» **Problem description**
Output the listing below verbatim, without images.

» **Supplied material**
==========
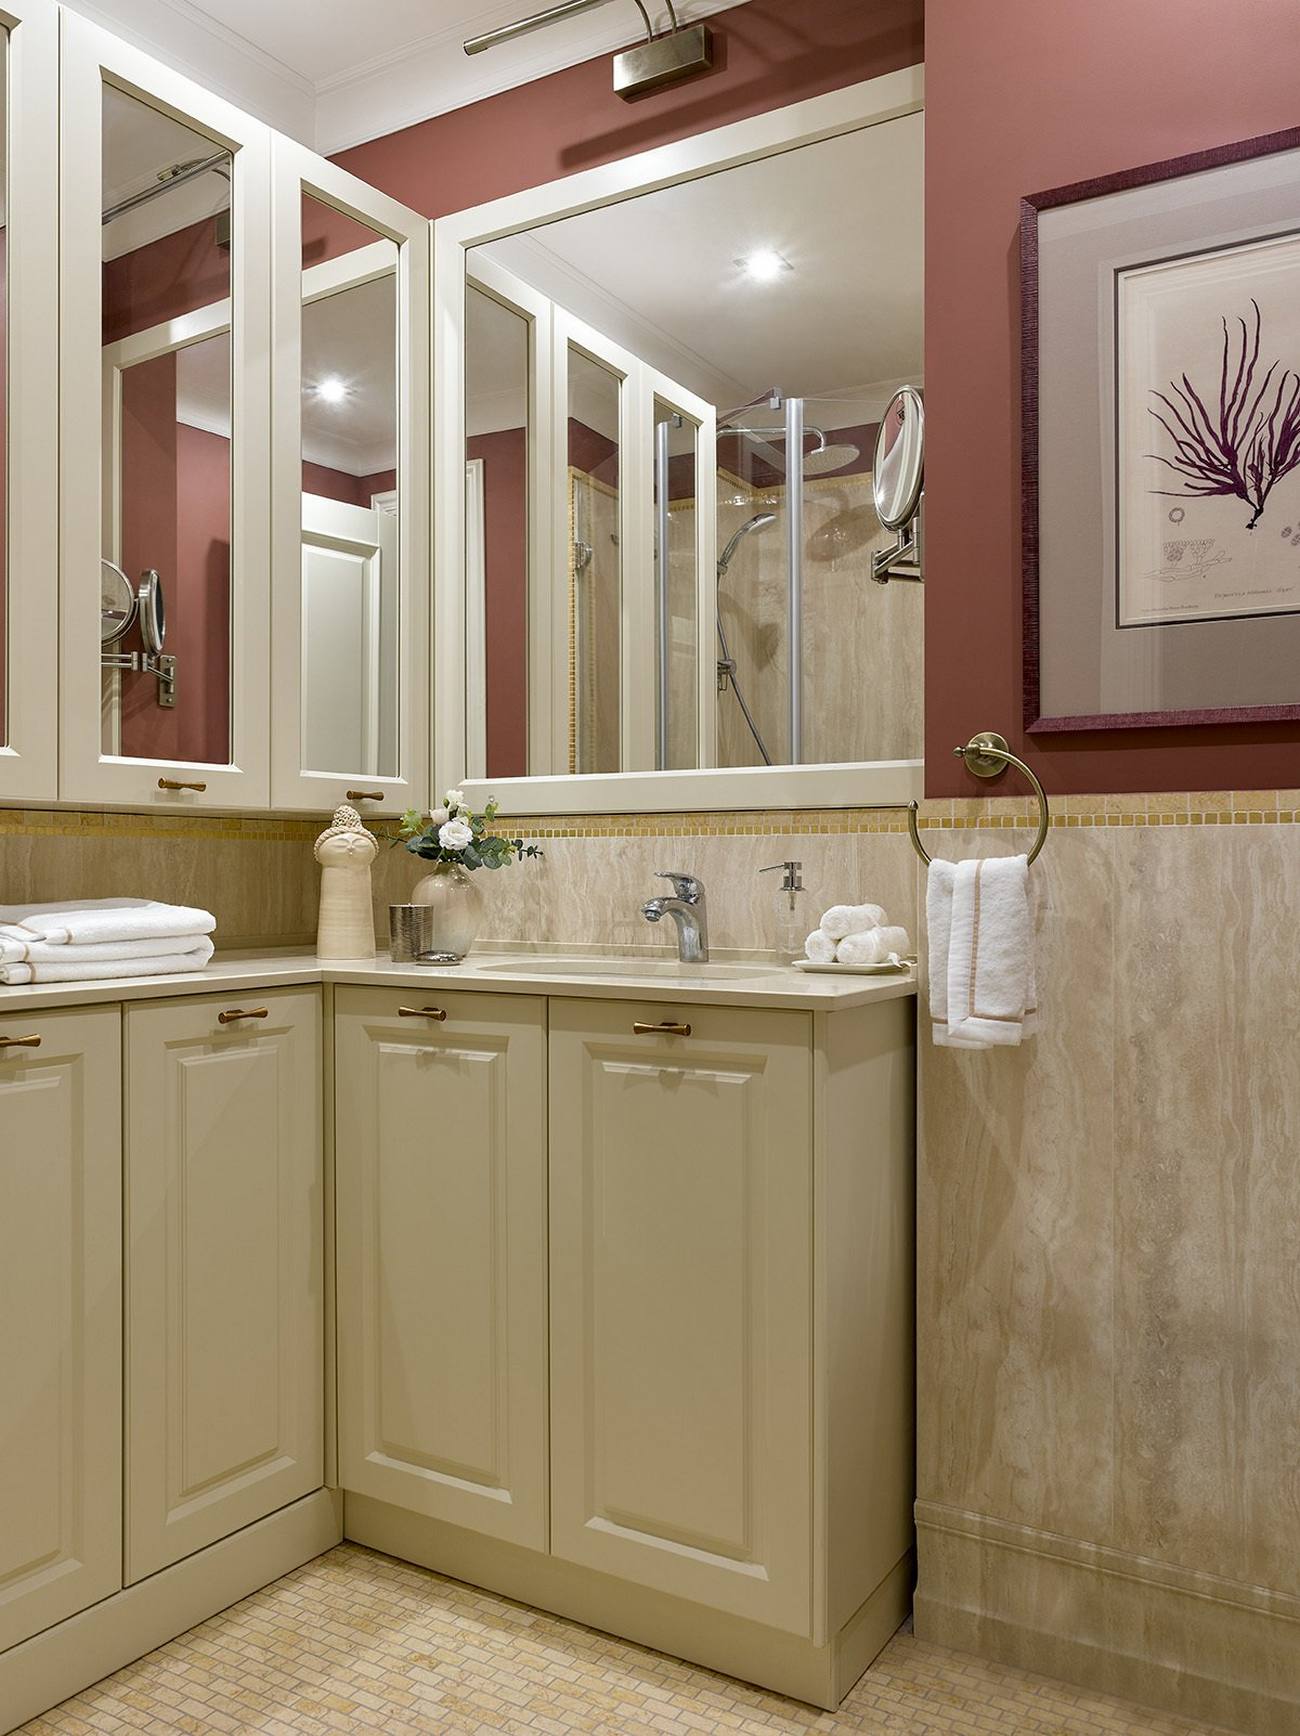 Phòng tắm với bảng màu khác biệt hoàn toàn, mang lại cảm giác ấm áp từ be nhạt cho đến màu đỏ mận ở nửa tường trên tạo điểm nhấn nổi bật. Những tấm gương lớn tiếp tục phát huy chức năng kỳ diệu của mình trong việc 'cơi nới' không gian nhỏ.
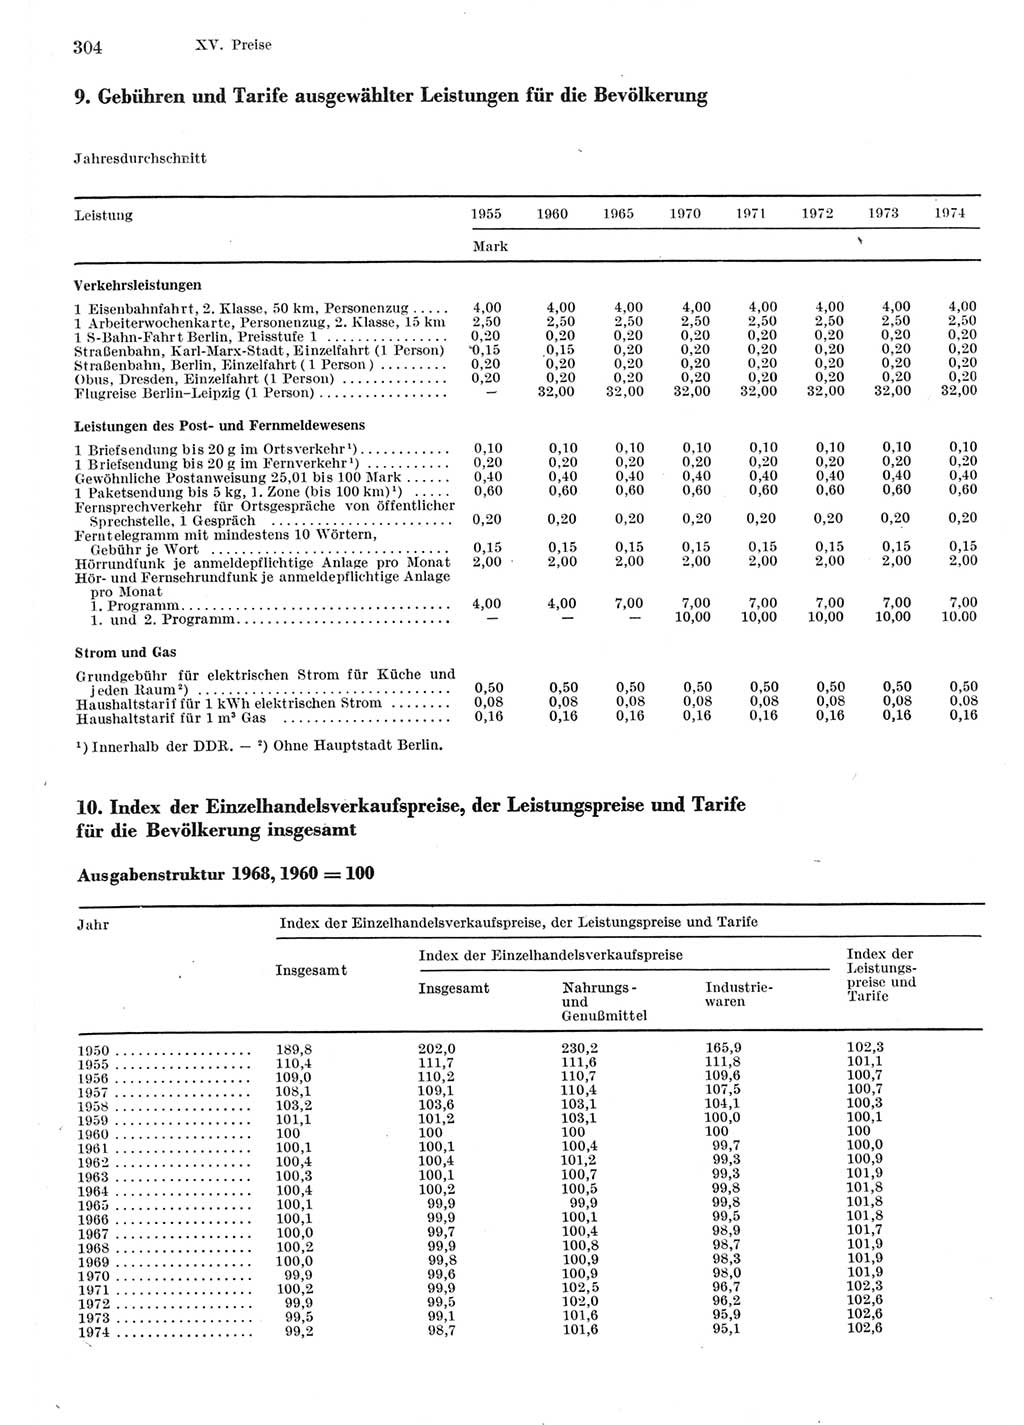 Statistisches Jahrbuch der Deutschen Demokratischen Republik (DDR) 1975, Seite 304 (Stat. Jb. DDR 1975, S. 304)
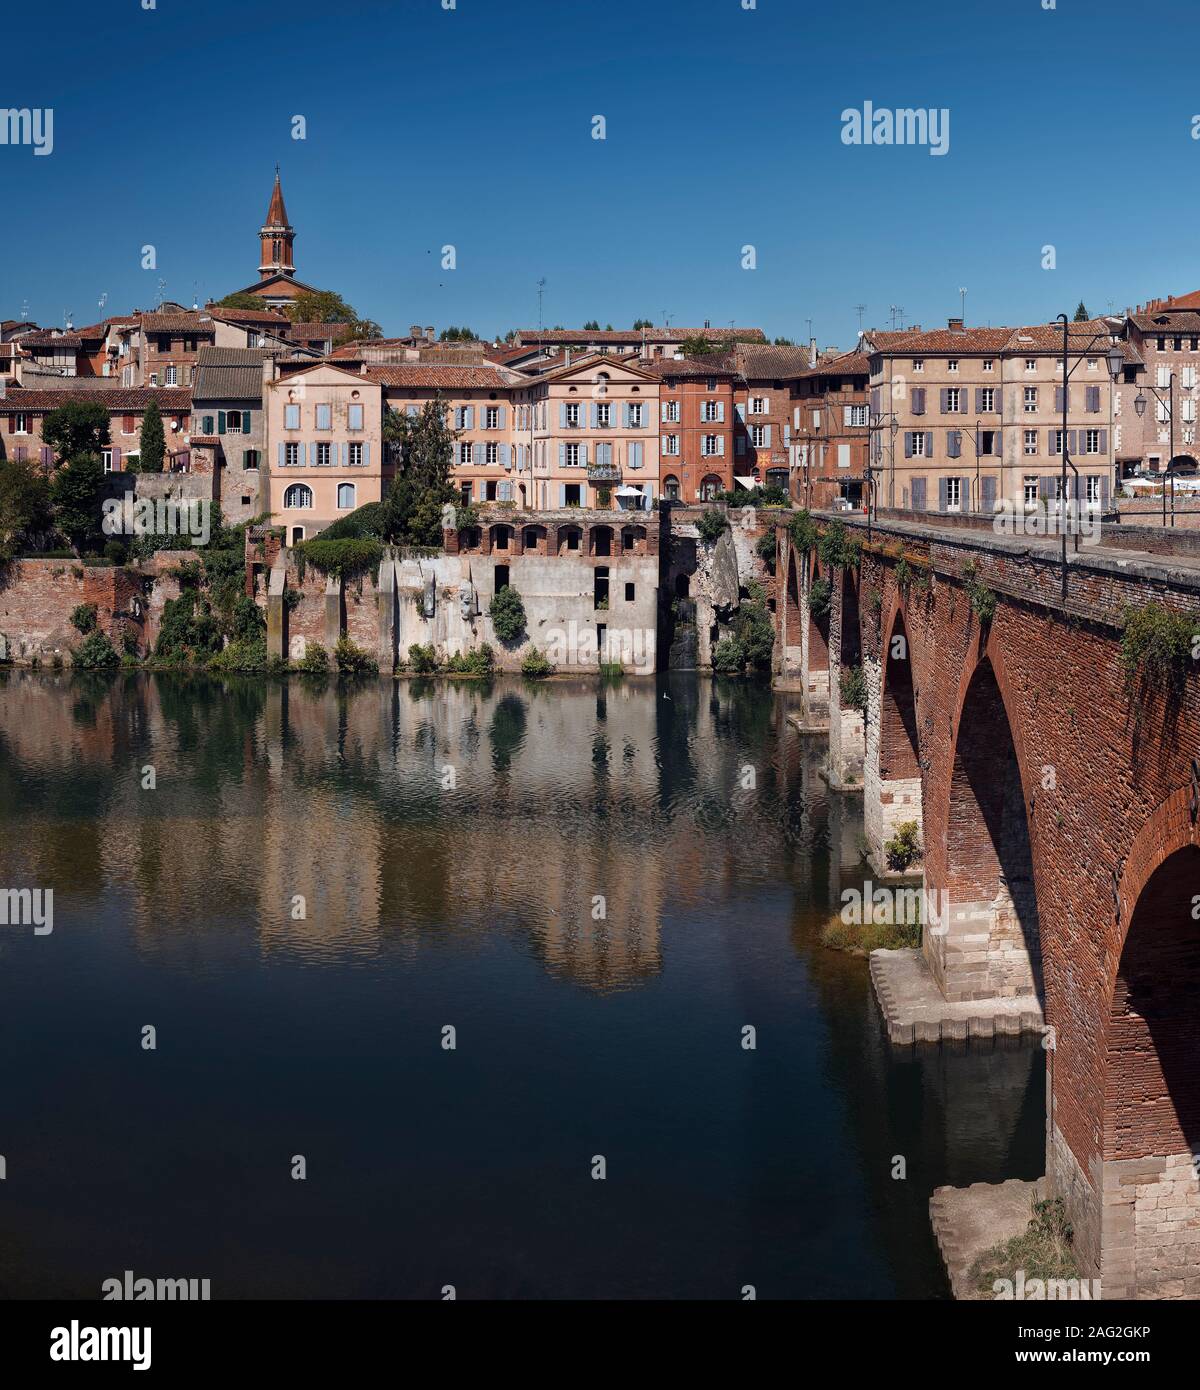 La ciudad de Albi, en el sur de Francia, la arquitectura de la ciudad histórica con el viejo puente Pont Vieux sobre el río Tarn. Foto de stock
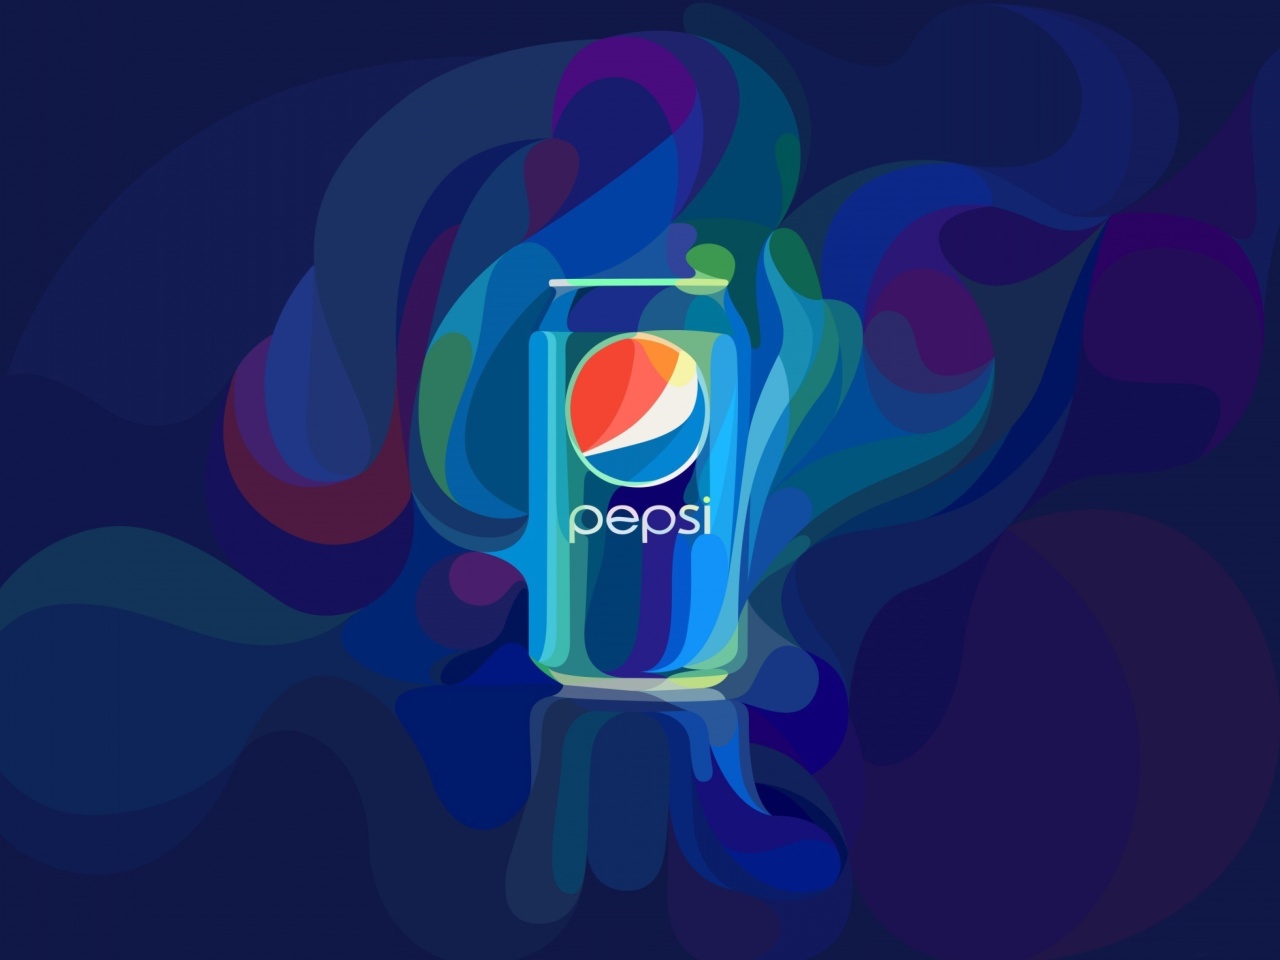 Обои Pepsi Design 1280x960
==========
» **Solution to this problem**
 Phòng tắm với bảng màu khác biệt hoàn toàn, mang lại cảm giác ấm áp từ be nhạt cho đến màu đỏ mận ở nửa tường trên tạo điểm nhấn nổi bật. Những tấm gương lớn tiếp tục phát huy chức năng kỳ diệu của mình trong việc 'cơi nới' không gian nhỏ.
 Statistisches Jahrbuch der Deutschen Demokratischen Republik (DDR) 1975, Seite 304 (Stat. Jb. DDR 1975, S. 304)
 La ciudad de Albi, en el sur de Francia, la arquitectura de la ciudad histórica con el viejo puente Pont Vieux sobre el río Tarn. Foto de stock
 Обои Pepsi Design 1280x960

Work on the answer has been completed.